*TASK DIRECTIONS*
Copy each line of the data below exactly, leaving out pictures.

*THE DATA*
------------------------------

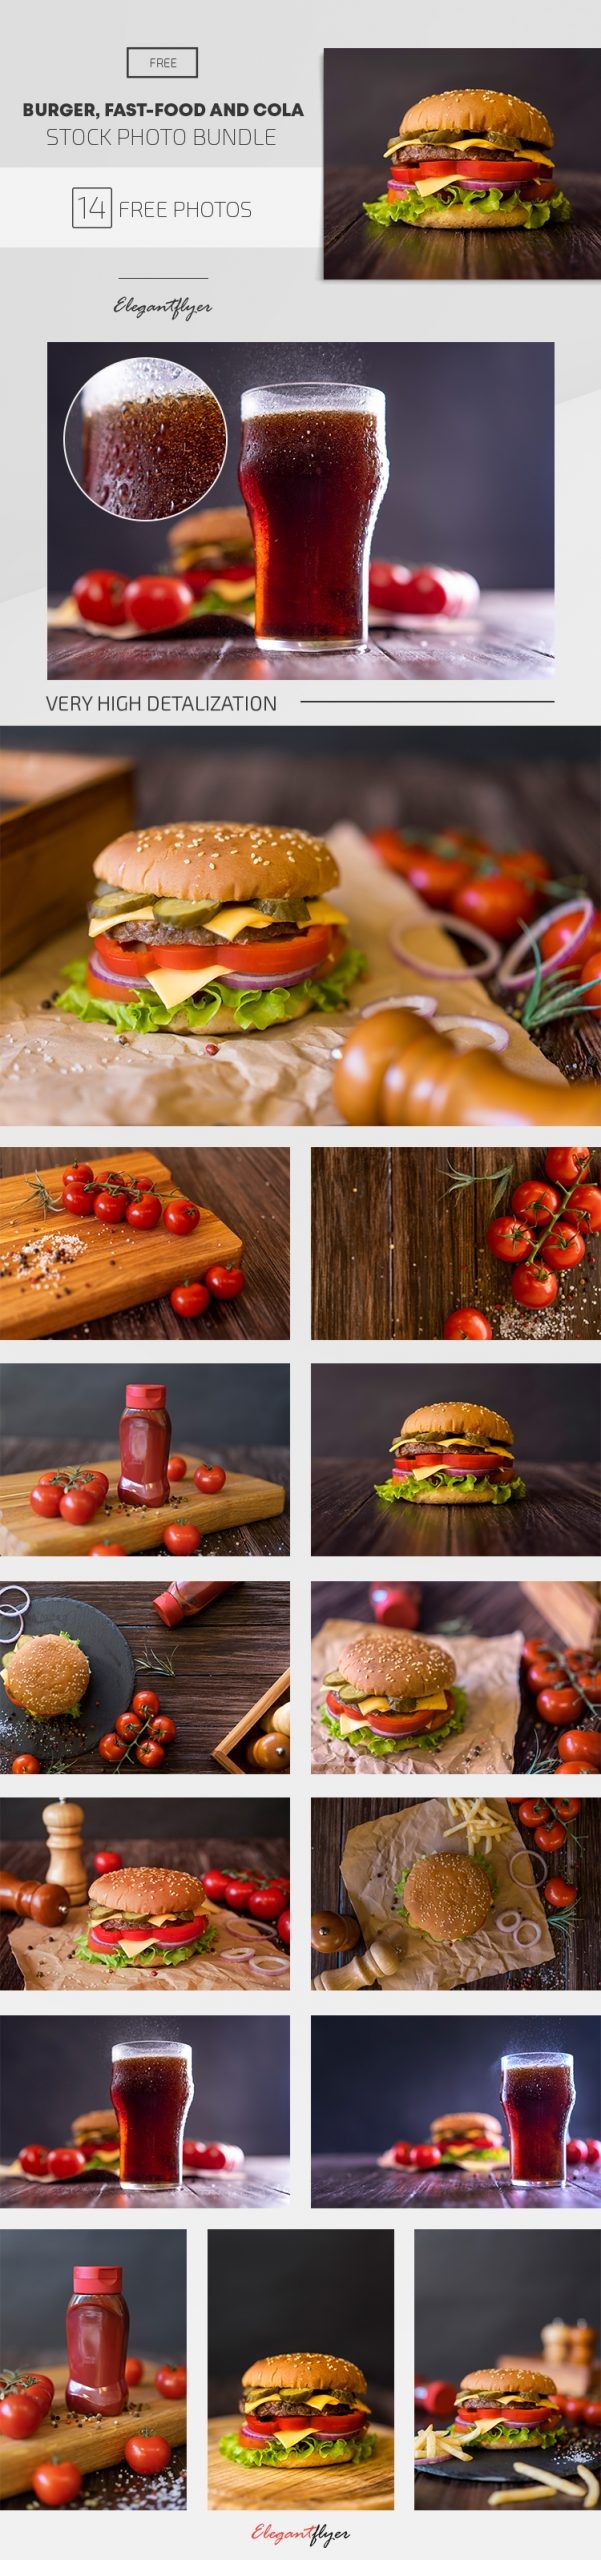 Burger, Fast-Food and Cola by ElegantFlyer
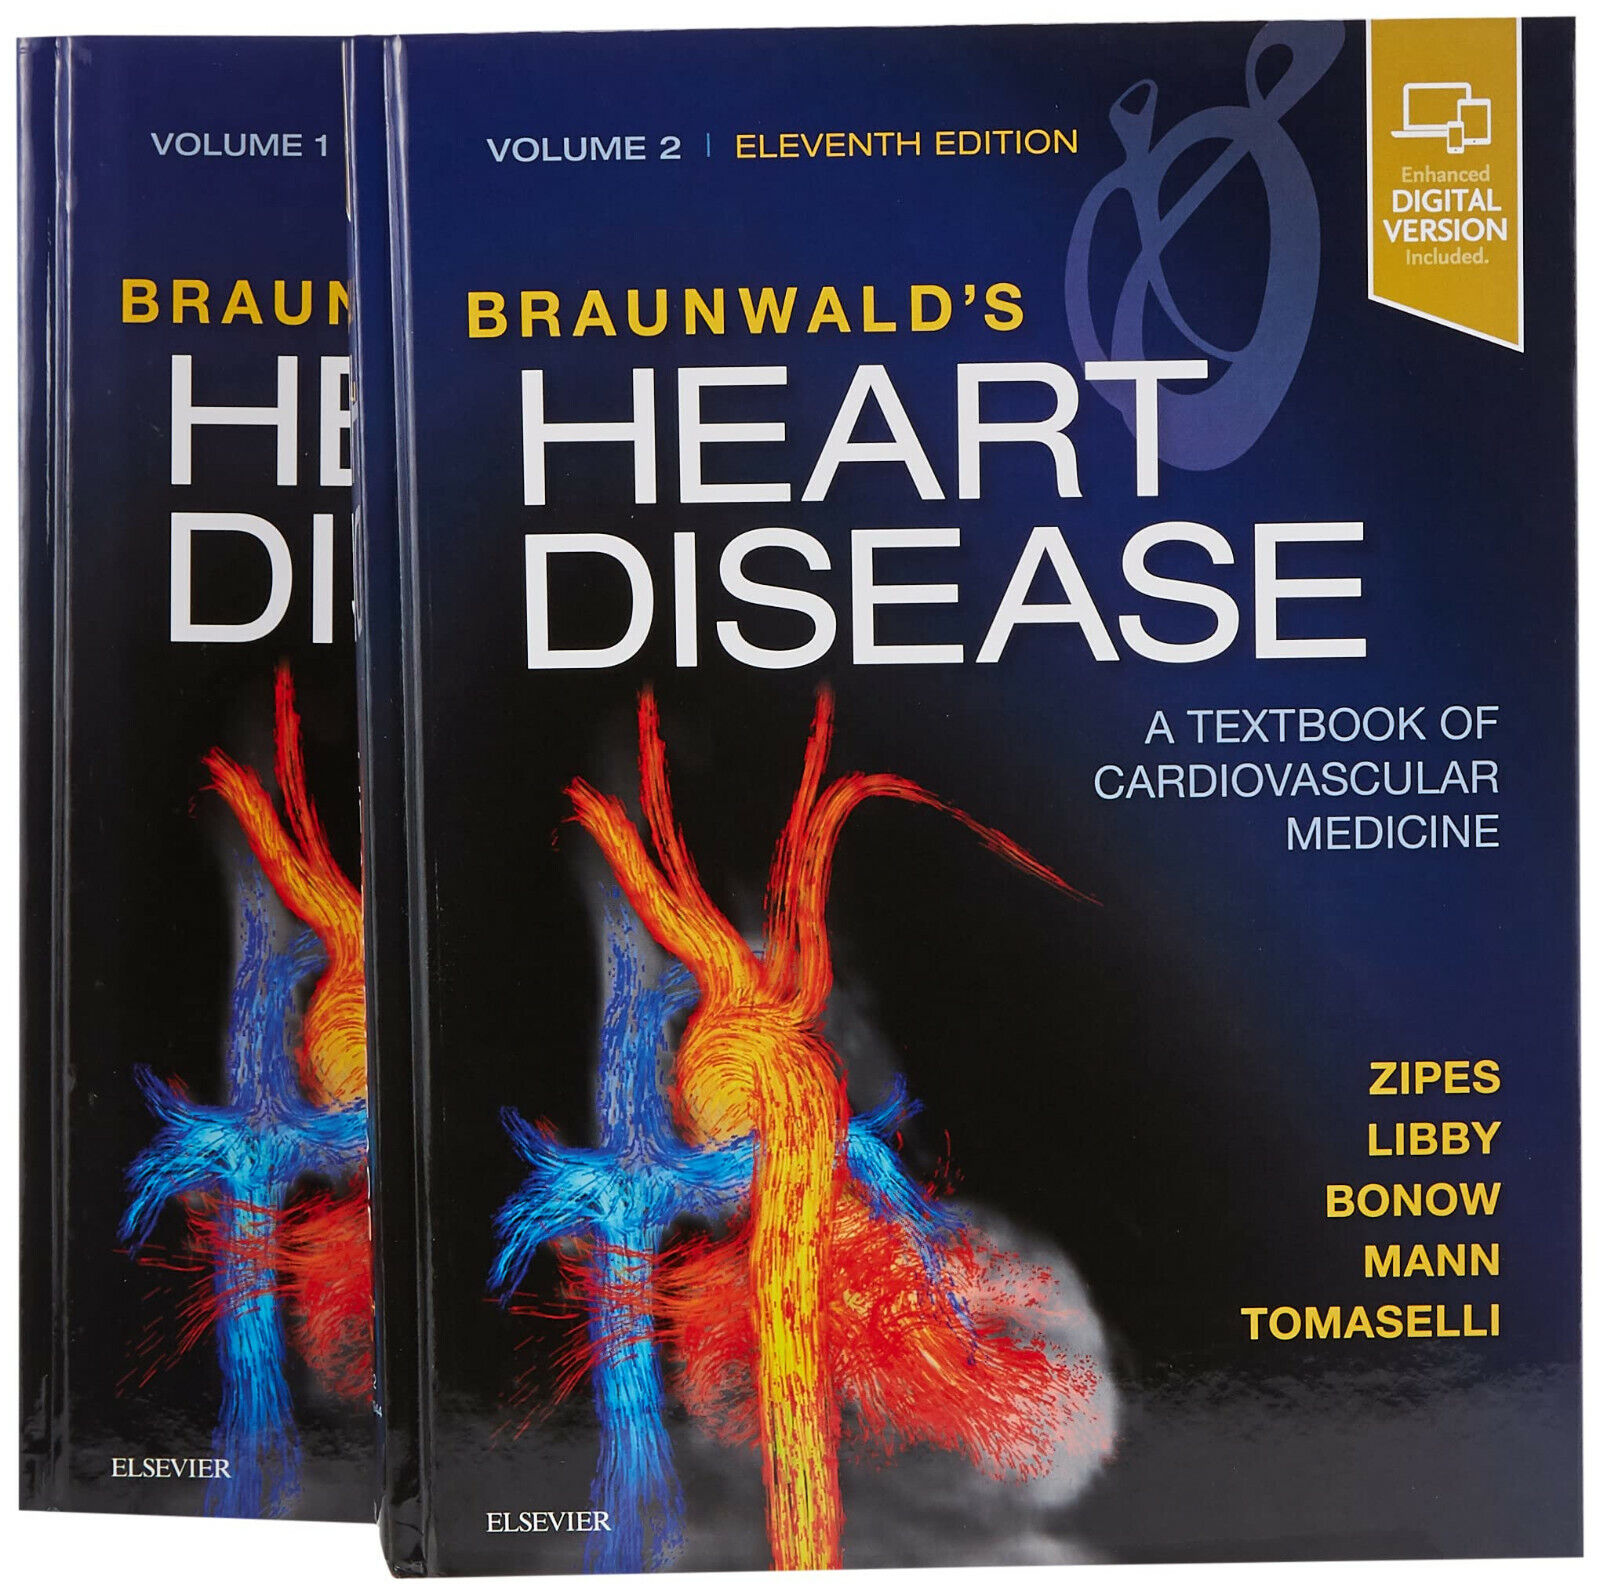 Braunwald's Heart Disease - Elsevier, 2018
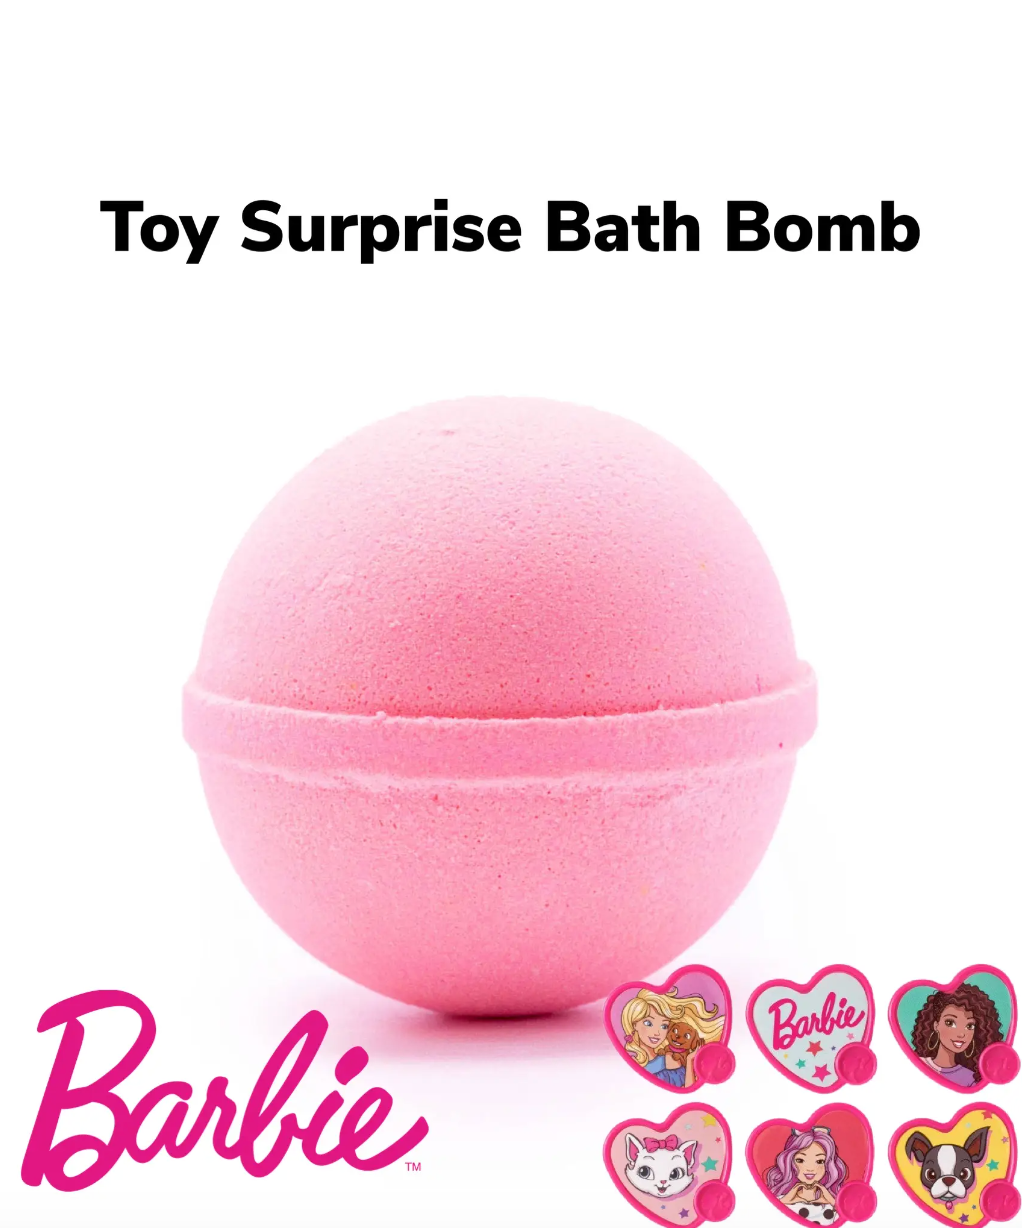 Doll Surprise Bath Bomb - Toy Inside
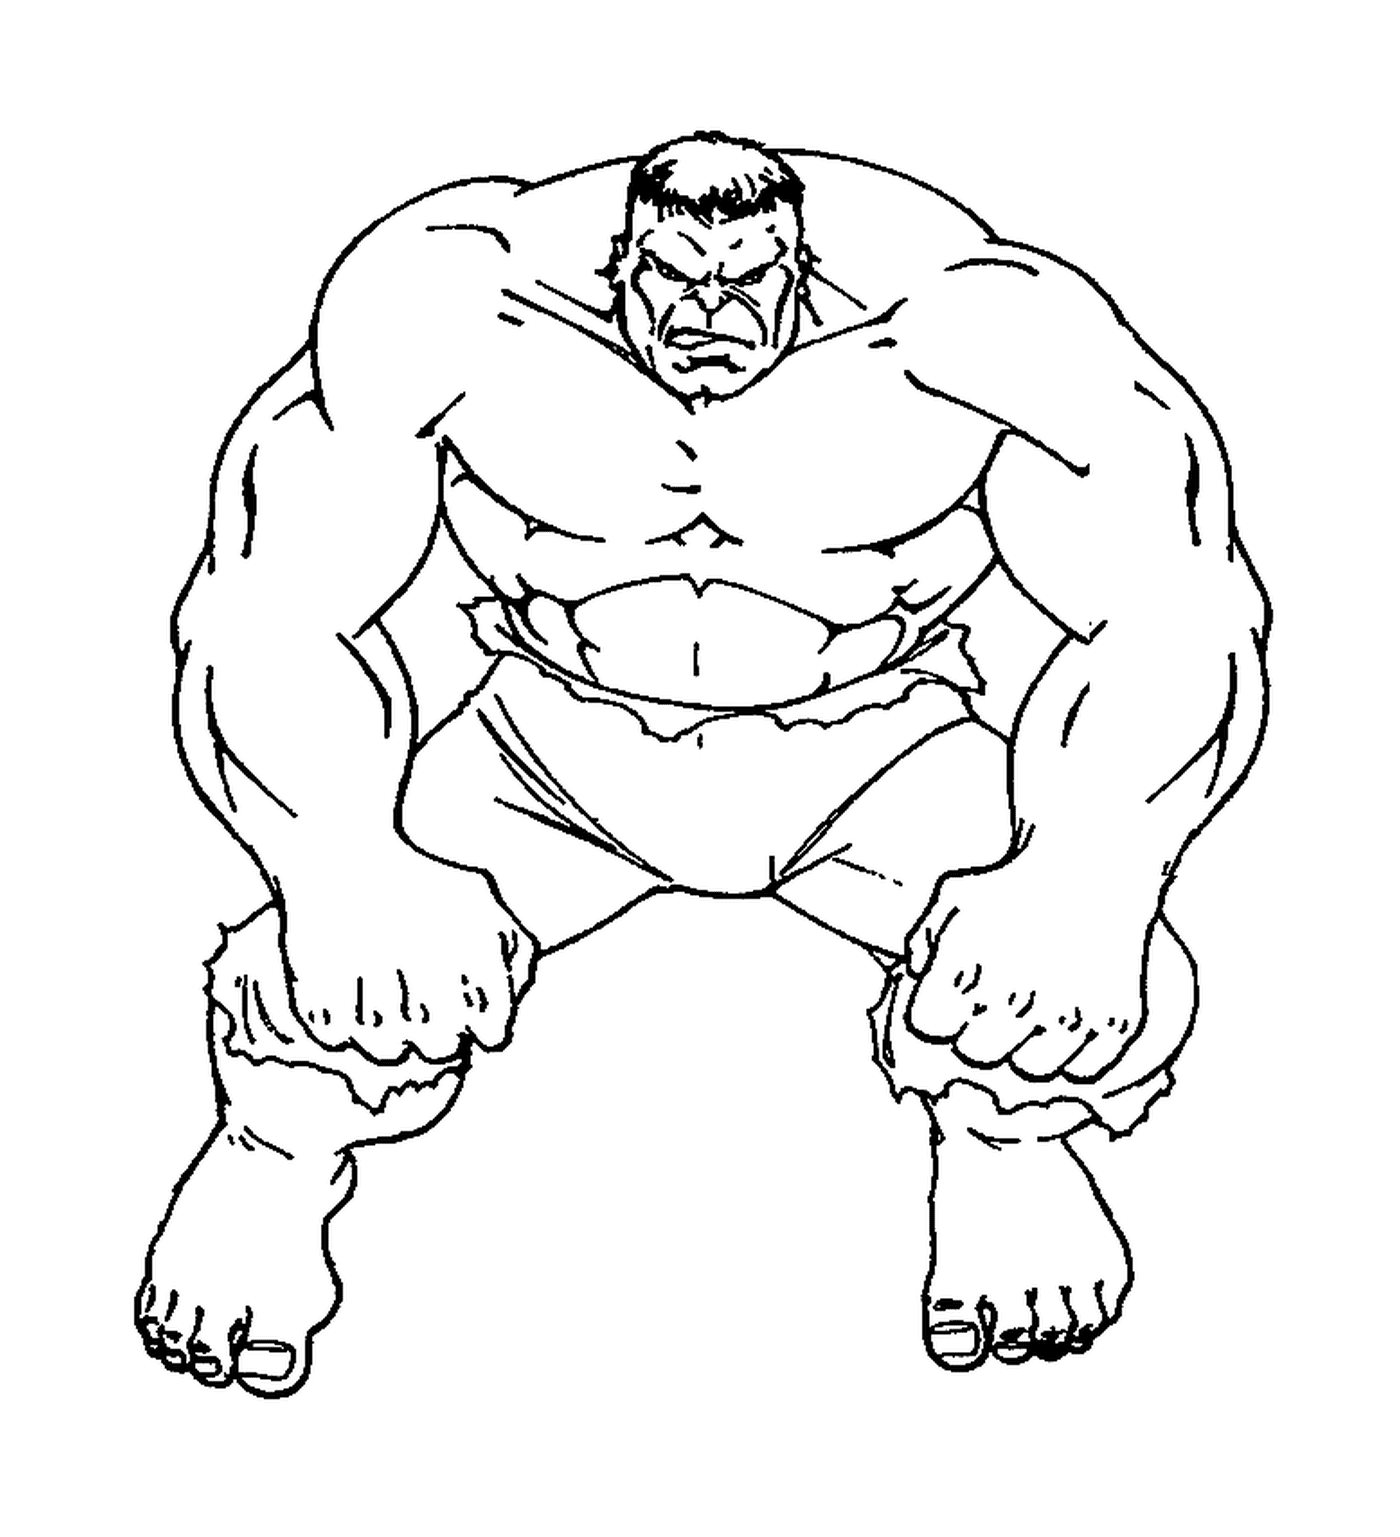   Hulk musclé dans un dessin

------------------------------

*EXERCISE SOLUTION*
 Burger, Fast-Food and Cola by ElegantFlyer
 Braunwald's Heart Disease - Elsevier, 2018
 Doll Surprise Bath Bomb - Toy Inside
   Hulk musclé dans un dessin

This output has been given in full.